▶

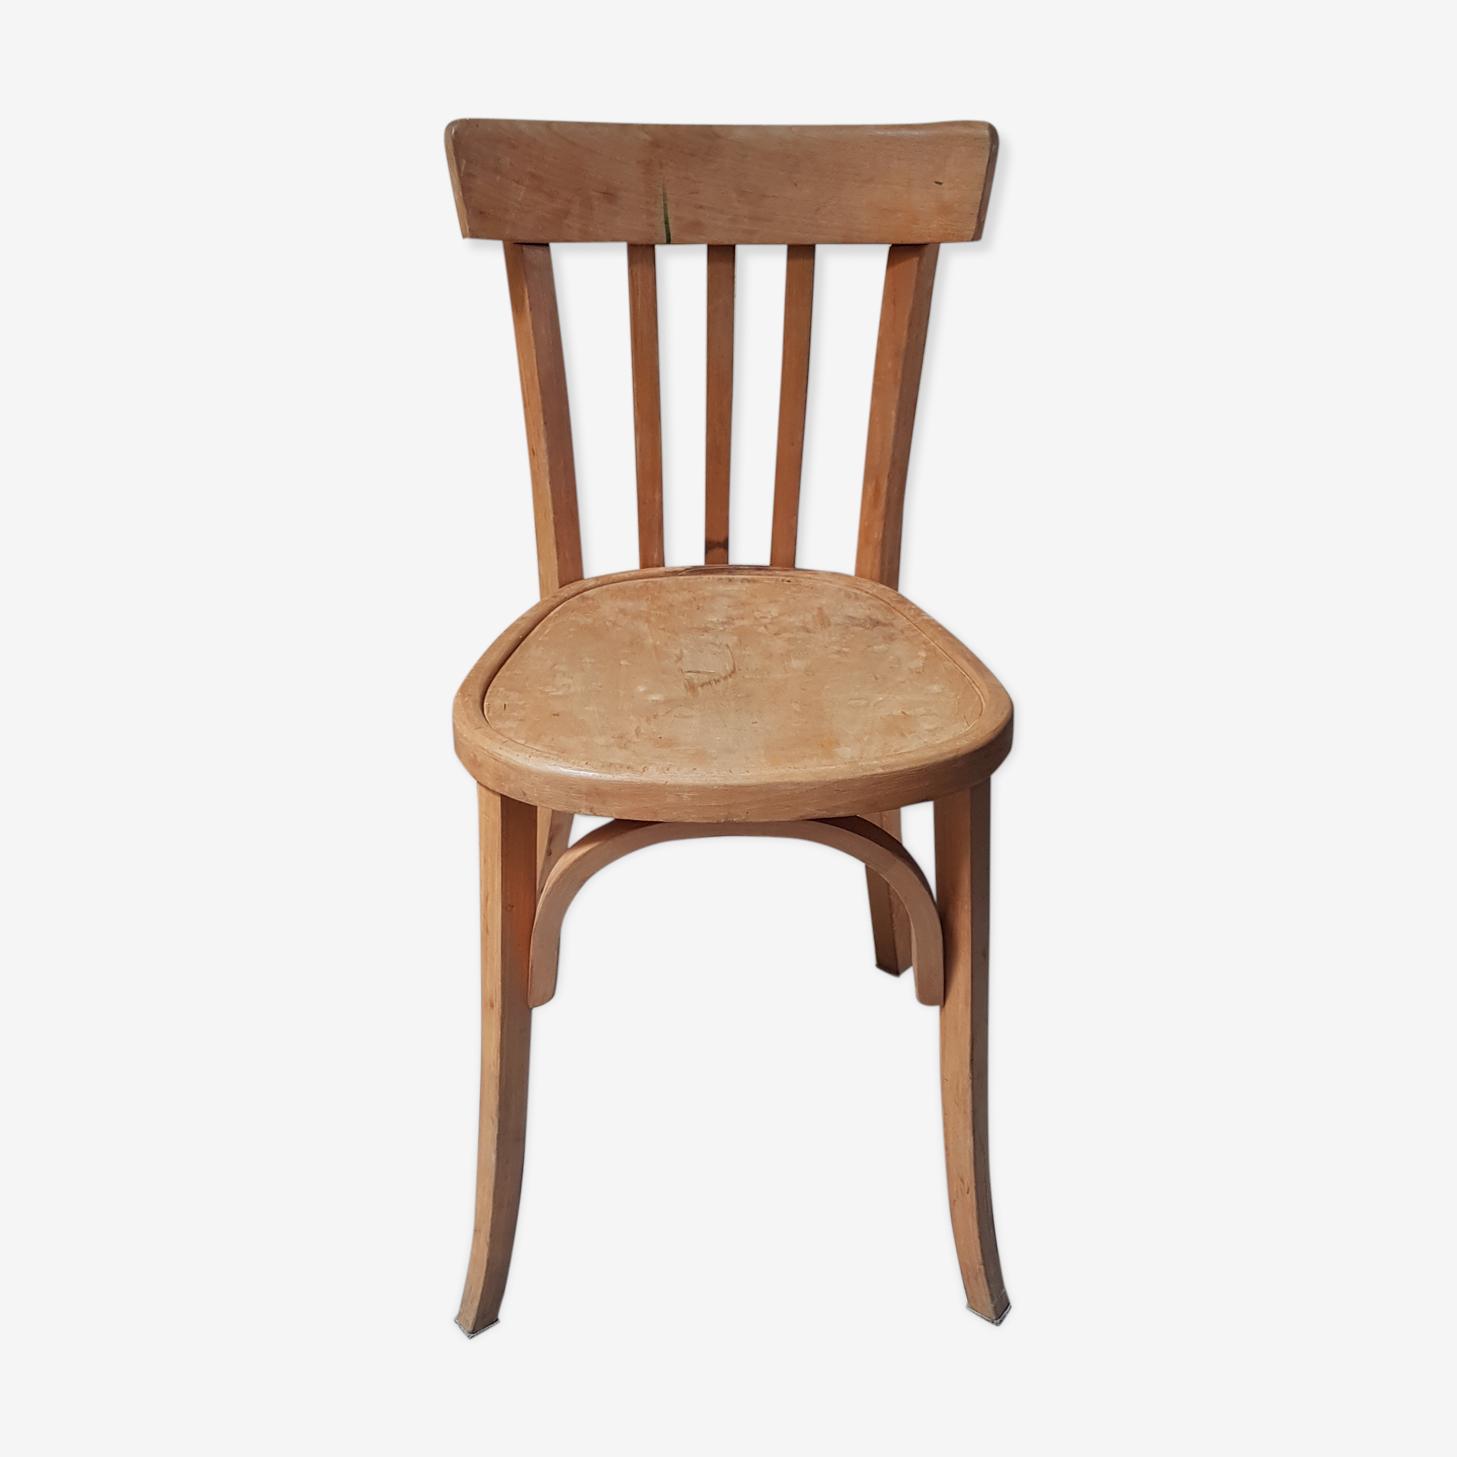 Ancienne chaise bistrot maison Gignez
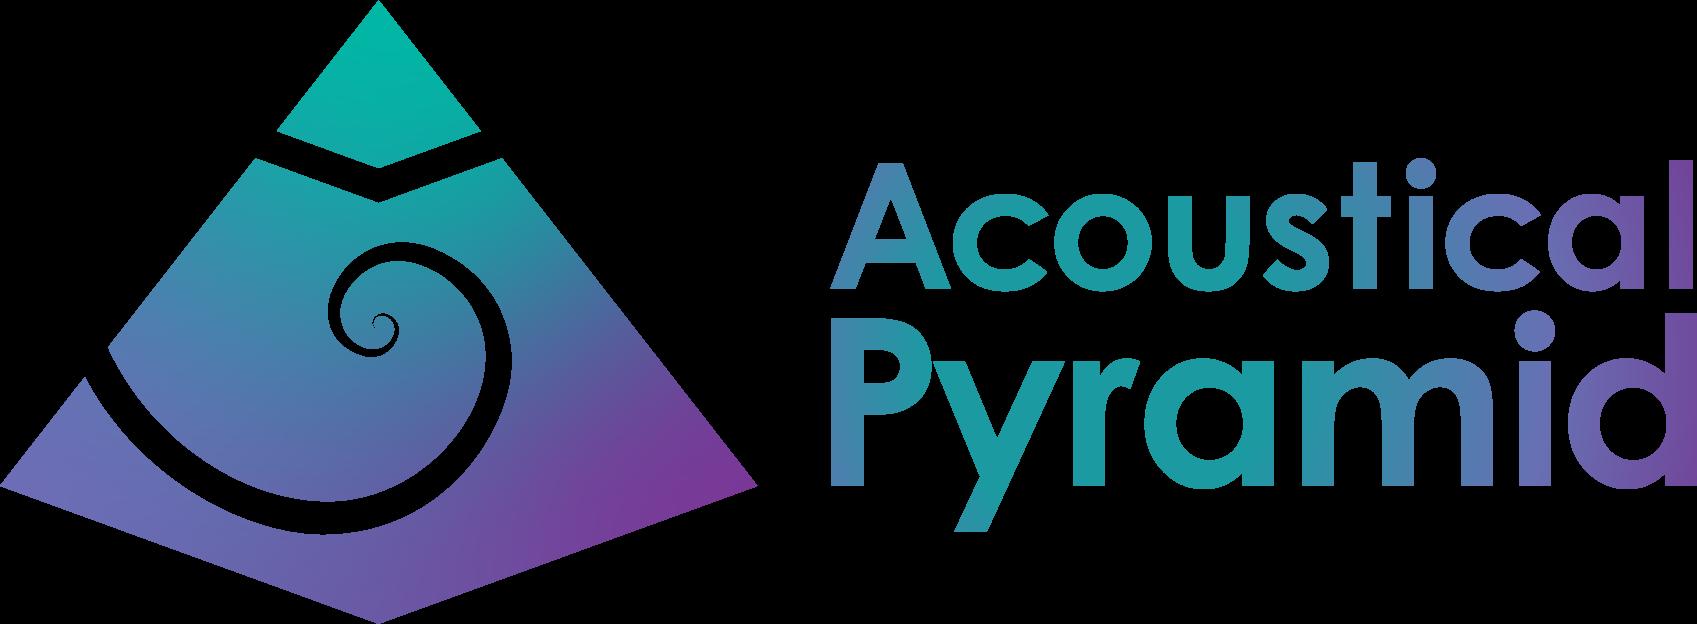 Acoustical Pyramid Inc.
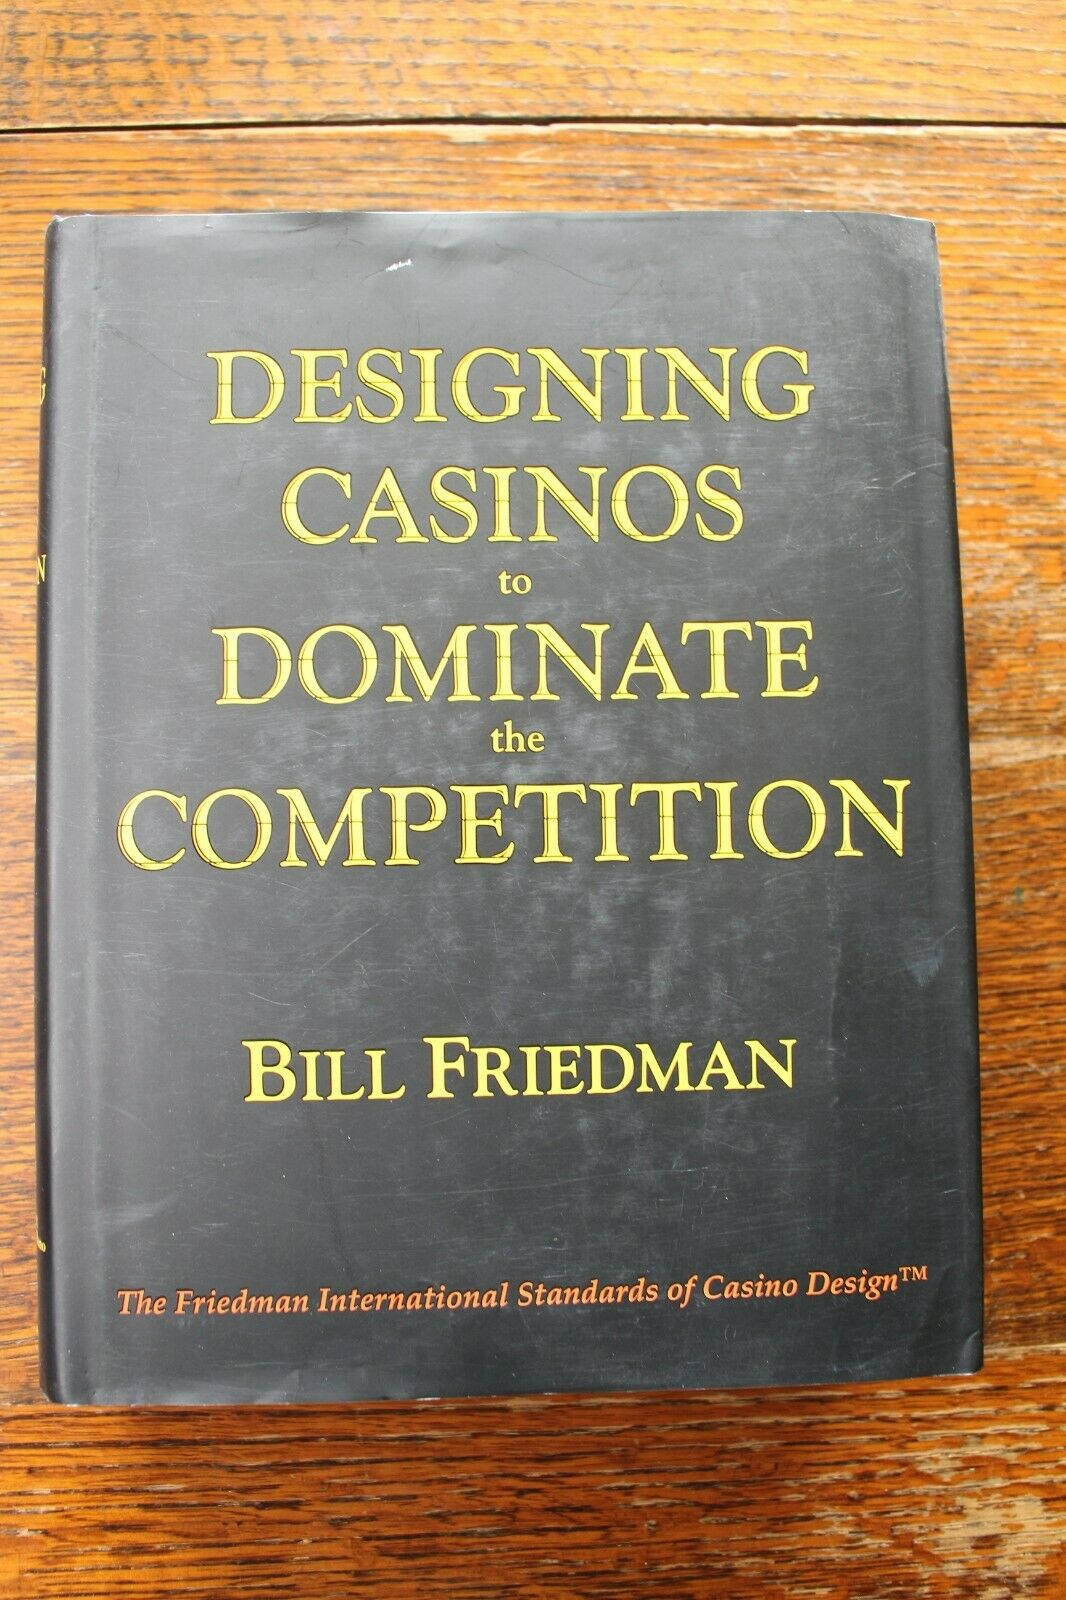 Casino casino competition design designing dominate friedman international standard game dog and cat 2

◀

**Prompt**
Give back the full listing above word for word, and let no picture through.

**Result of this task**
 Ancienne chaise bistrot maison Gignez
 Acoustical Pyramid Inc.
 Casino casino competition design designing dominate friedman international standard game dog and cat 2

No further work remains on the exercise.